In [1]:
import matplotlib.pyplot as plt
import pandas as pd
import pylab as pl
import numpy as np
import seaborn as sns
from sklearn.ensemble import IsolationForest
from sklearn.preprocessing import PolynomialFeatures
from sklearn.metrics import r2_score
import joblib
from sklearn.model_selection import GridSearchCV
from sklearn.pipeline import Pipeline

In [2]:
df=pd.read_csv('../Data/HouseImformation.csv')

In [3]:
df['Area'] = df['Area'].str.replace(',', '').astype(float)

df=df.dropna()

isoOuter=IsolationForest(contamination=0.01)
df['OuterData']=isoOuter.fit_predict(df[["Area", "Price"]])

df=df.drop(index=df[df['OuterData'] == -1].index)

MeanPriceAddressOuter=df.groupby("Address")["Price"].mean()
df["MeanPriceA"] = df["Address"].map(MeanPriceAddressOuter)

In [28]:
from sklearn.preprocessing import StandardScaler

scaler=StandardScaler()
x_Data = scaler.fit_transform(df[['Area','Room','Parking','Warehouse','Elevator','MeanPriceA']])
y_Data=df['Price'].values


In [38]:
mask= np.random.rand(len(df)) < 0.8

train=df[mask]
test=df[~mask]

x_train=np.asanyarray(train[['Area','Room','Parking','Warehouse','Elevator','MeanPriceA']])
y_train=np.asanyarray(train['Price'])

x_test=np.asanyarray(test[['Area','Room','Parking','Warehouse','Elevator','MeanPriceA']])
y_test=np.asanyarray(test['Price'])

In [9]:
from sklearn.ensemble import RandomForestRegressor
from sklearn.model_selection import RepeatedKFold ,cross_val_score

model=RandomForestRegressor(n_estimators=100,max_depth=10,random_state=42)

cv=RepeatedKFold(n_splits=10,n_repeats=3,random_state=1)

crossVal=cross_val_score(model,x_Data,y_Data,cv=cv)
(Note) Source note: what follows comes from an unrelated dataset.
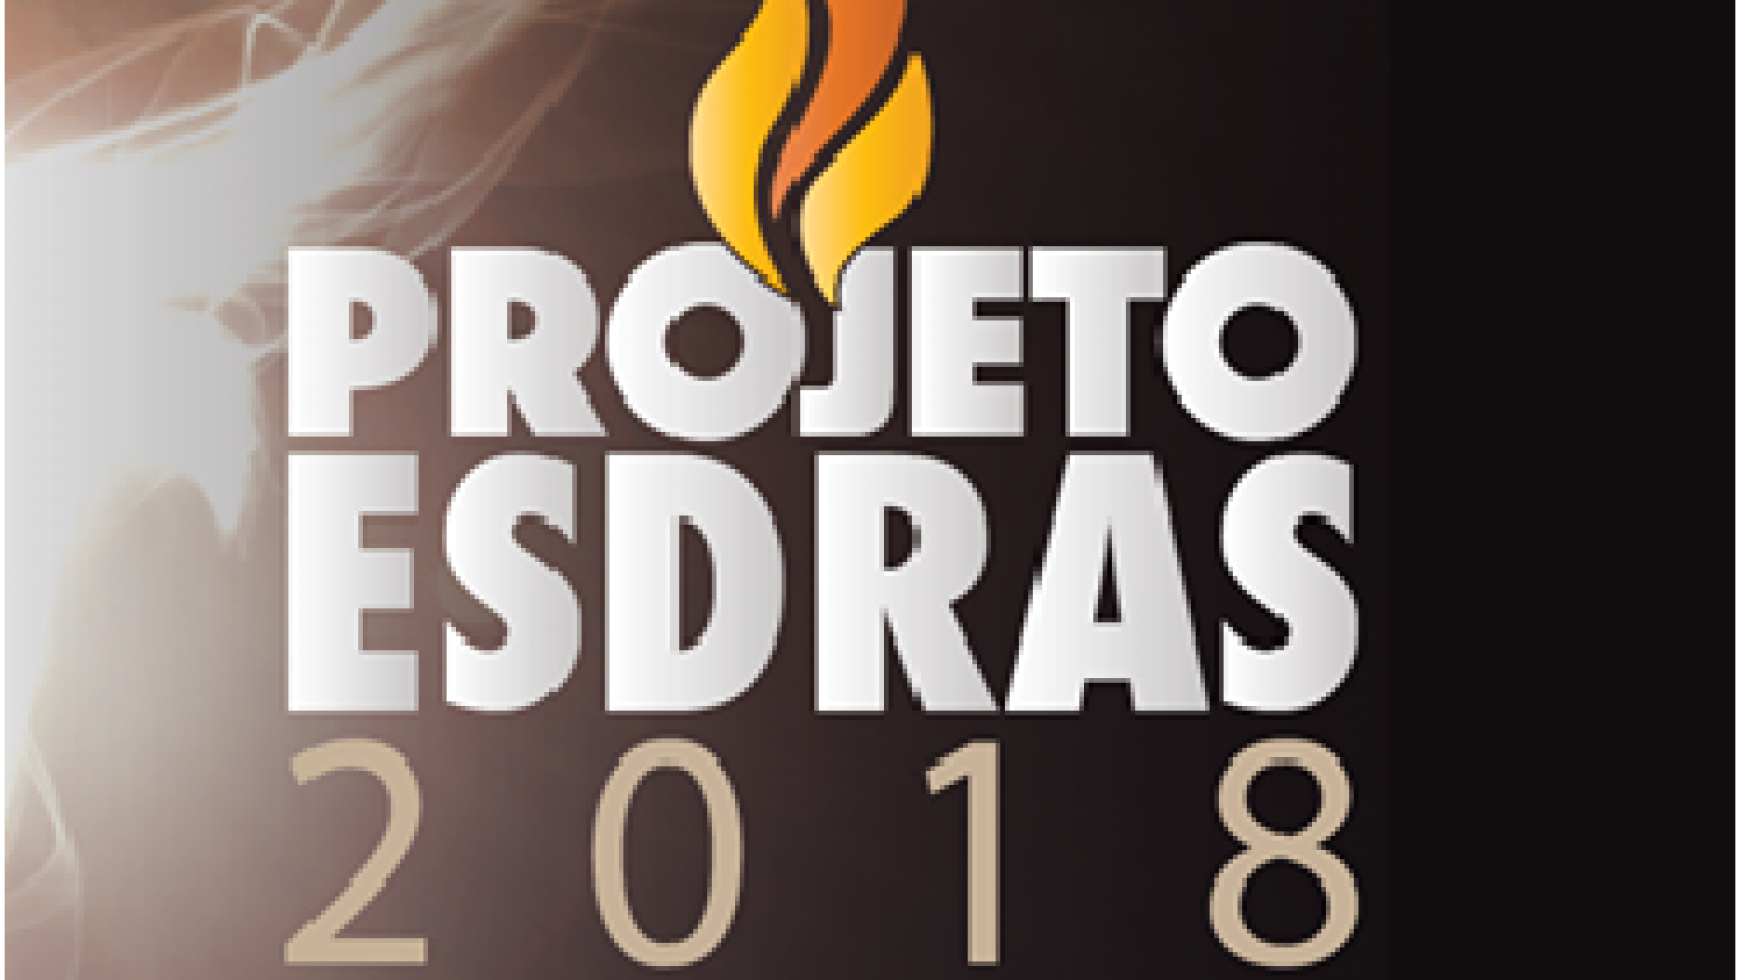 CONGRESSO DE MISSÕES – PROJETO ESDRAS 2018
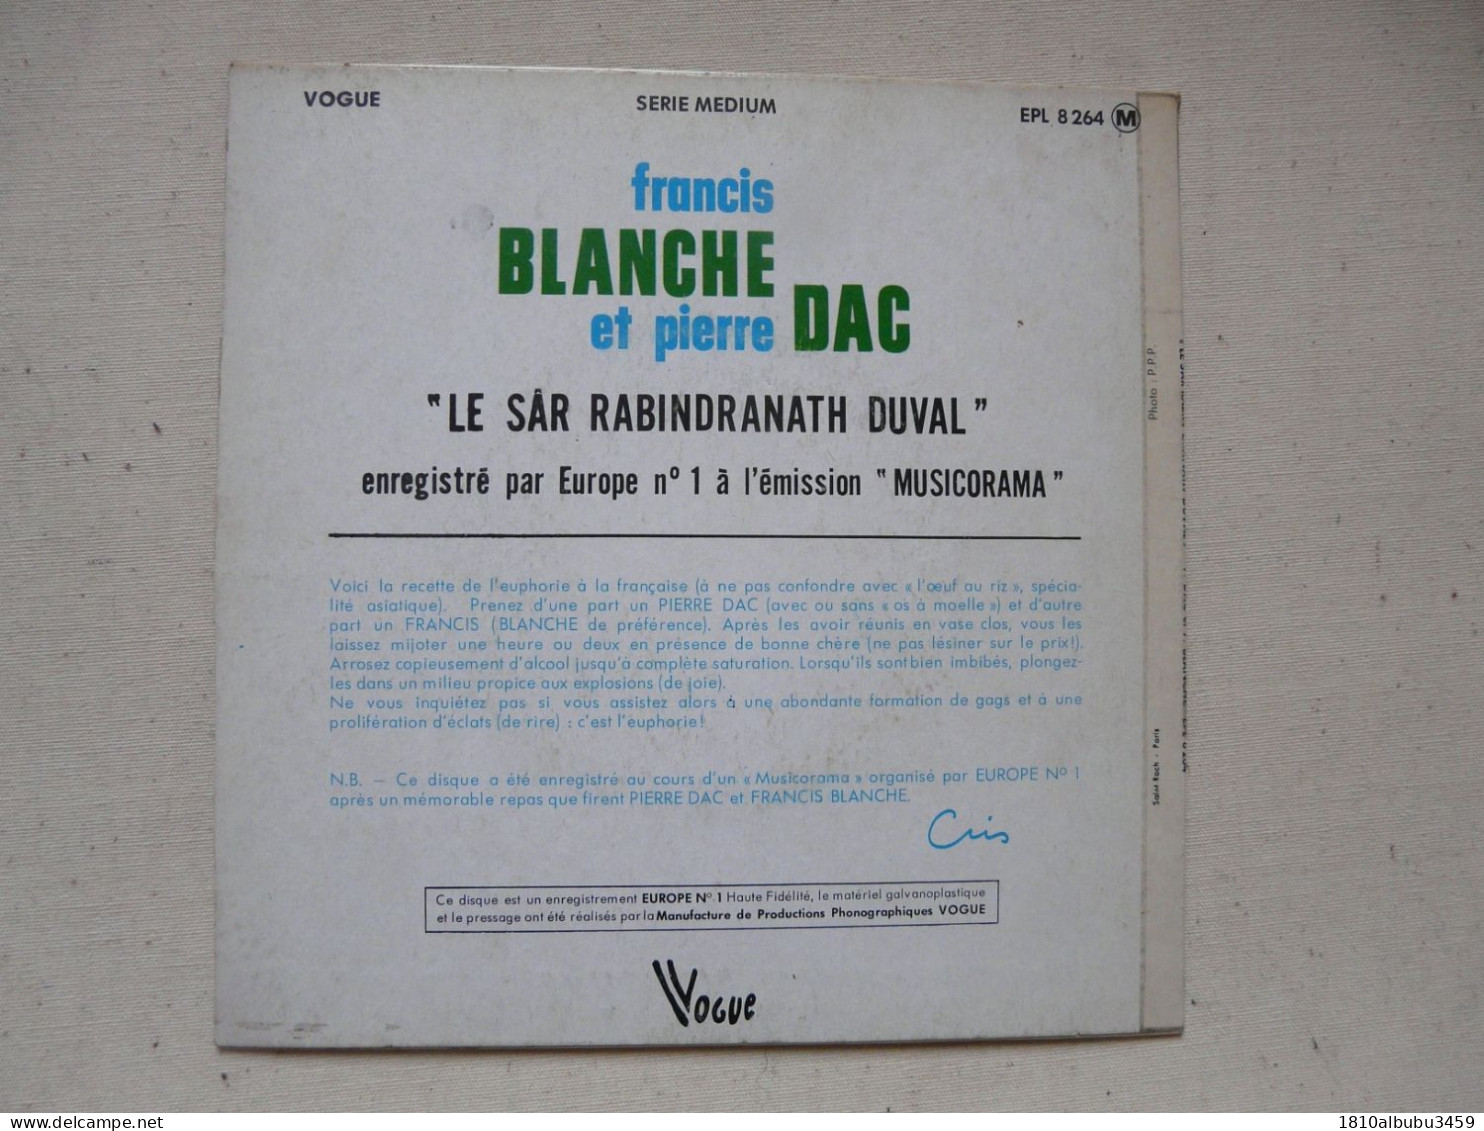 VINYLE - 45 T : FRANCIS BLANCHE & PIERRE DAC - "Le SAR RABIN DRANATH DUVAL" - Collectors

print("Mean Is: ",crossVal.mean())
print("Standard deviation: ", np.std(crossVal))


Mean Is:  0.869367465078965
Standard deviation:  0.024110795426355896


In [39]:
model.fit(x_train,y_train)

y_predict=model.predict(x_test)

from sklearn.metrics import r2_score
print(f"Test R2 Score: {r2_score(y_test, y_predict):.2f}")

Test R2 Score: 0.87


In [40]:
pip=Pipeline([
    ('scale',StandardScaler()),
    ('poly',PolynomialFeatures(degree=2)),
    ('RandomForestRegressor',RandomForestRegressor())
])

cv=RepeatedKFold(n_splits=10,n_repeats=3,random_state=1)

crossVal=cross_val_score(pip,x_Data,y_Data,cv=cv)

print("Mean Is: ",crossVal.mean())
print("Standard deviation: ", np.std(crossVal))


Mean Is:  0.8496215762491919
Standard deviation:  0.03365605190966061


In [41]:
pip.fit(x_train,y_train)

y_predictR=pip.predict(x_test)

from sklearn.metrics import r2_score
print(f"Test R2 Score: {r2_score(y_test, y_predictR):.2f}")

Test R2 Score: 0.85